Response to Arguments
Applicant’s arguments with respect to claim(s) 1, 7 and 8 have been considered but are moot because the new ground of rejection does not rely on any reference applied in the prior rejection of record for any teaching or matter specifically challenged in the argument. See below for explanation why the combination of Toru “Voice Conversion Using RNN Pre-Trained by Recurrent Temporal Restricted Boltzmann Machines and Kim et al. (US2005/0182626)  reads on the limitation “generating a plurality of speaker clusters having specific adaptive matrices, which define a probability model, each of the plurality of speaker clusters indicating a relationship between speakers based on the acoustic information, the speaker information, and the phonological information by the determined parameter.”
 (“Variation matrix” ) which define a probability model, (Section 0052, lines 1-4 “Clustering the speakers into M-numbered model variation groups from the speakers on the basis of a likelihood of the model variation) each of the plurality of speaker clusters (Section 0053, lines 1-2 “Plurality of speaker groups”) indicating a relationship between speakers based on the acoustic information, (Feature Vector) the speaker information, and the phonological information (Section 0069, lines 2-3- thus speech data) by the determined parameter. (Section 0066, lines 6-12- thus Speaker Cluster 1 has d1 indicating a relationship between speakers 1, 2 and 3 (speaker information)). 

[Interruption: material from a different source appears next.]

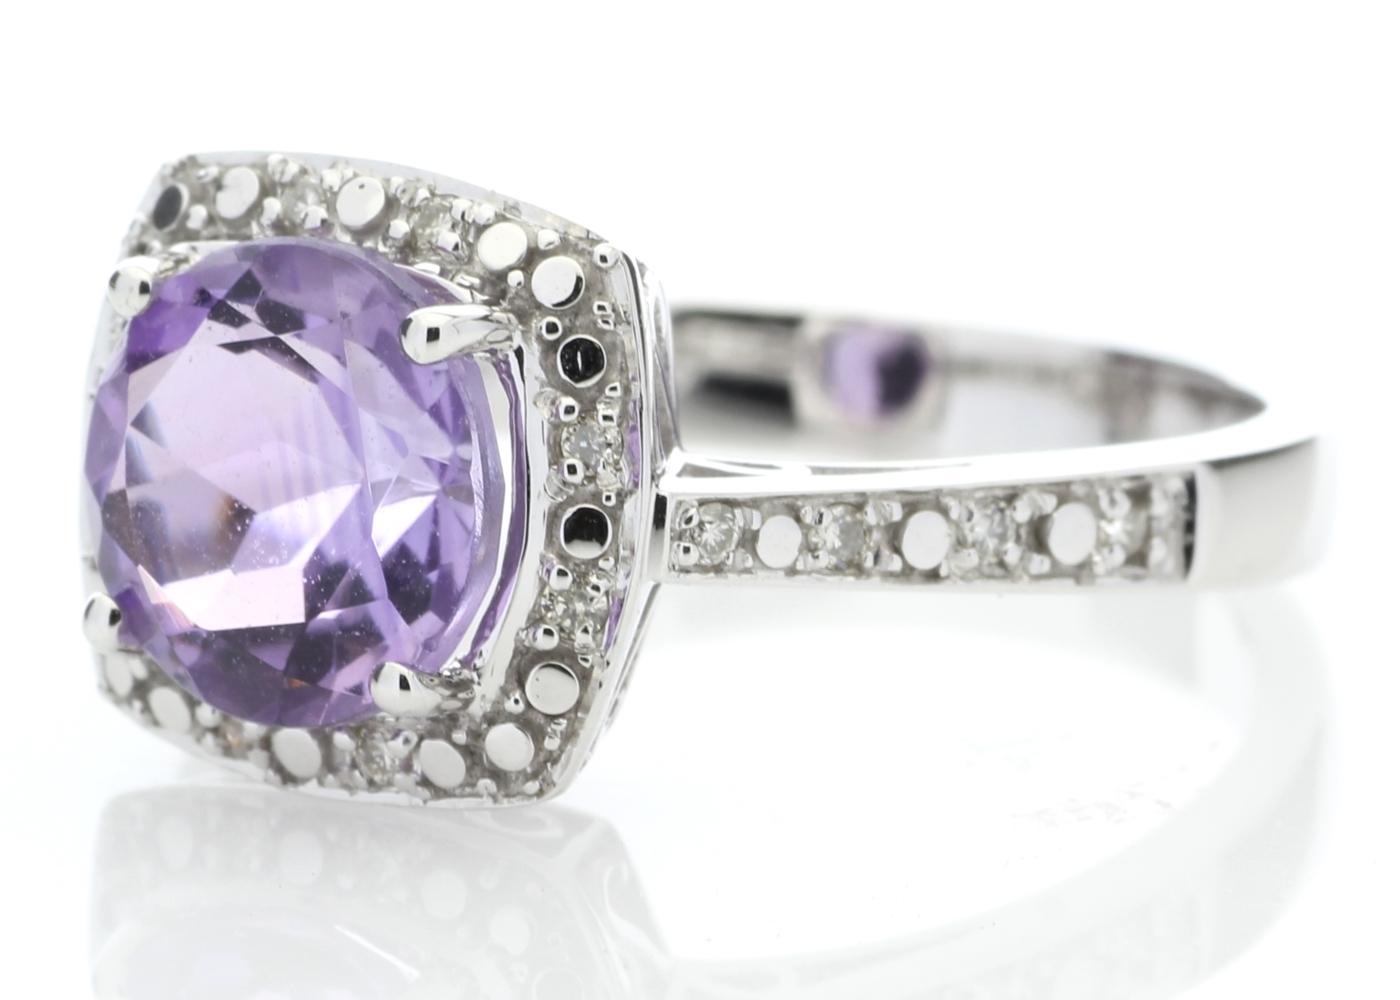 Lot 57 - 9ct White Gold Amethyst Diamond Ring

Claim Rejections - 35 USC § 103
The following is a quotation of 35 U.S.C. 103 which forms the basis for all obviousness rejections set forth in this Office action:
A patent for a claimed invention may not be obtained, notwithstanding that the claimed invention is not identically disclosed as set forth in section 102, if the differences between the claimed invention and the prior art are such that the claimed invention as a whole would have been obvious before the effective filing date of the claimed invention to a person having ordinary skill in the art to which the claimed invention pertains. Patentability shall not be negated by the manner in which the invention was made.

Claims 1-4 and 7- 8 are rejected under 35 U.S.C. 103 as being unpatentable over Toru Nakashika (IEEE Transactions Pub. 2015 Referred to as Toru in this correspondence) in view of Kim et al. (US2005/0182626).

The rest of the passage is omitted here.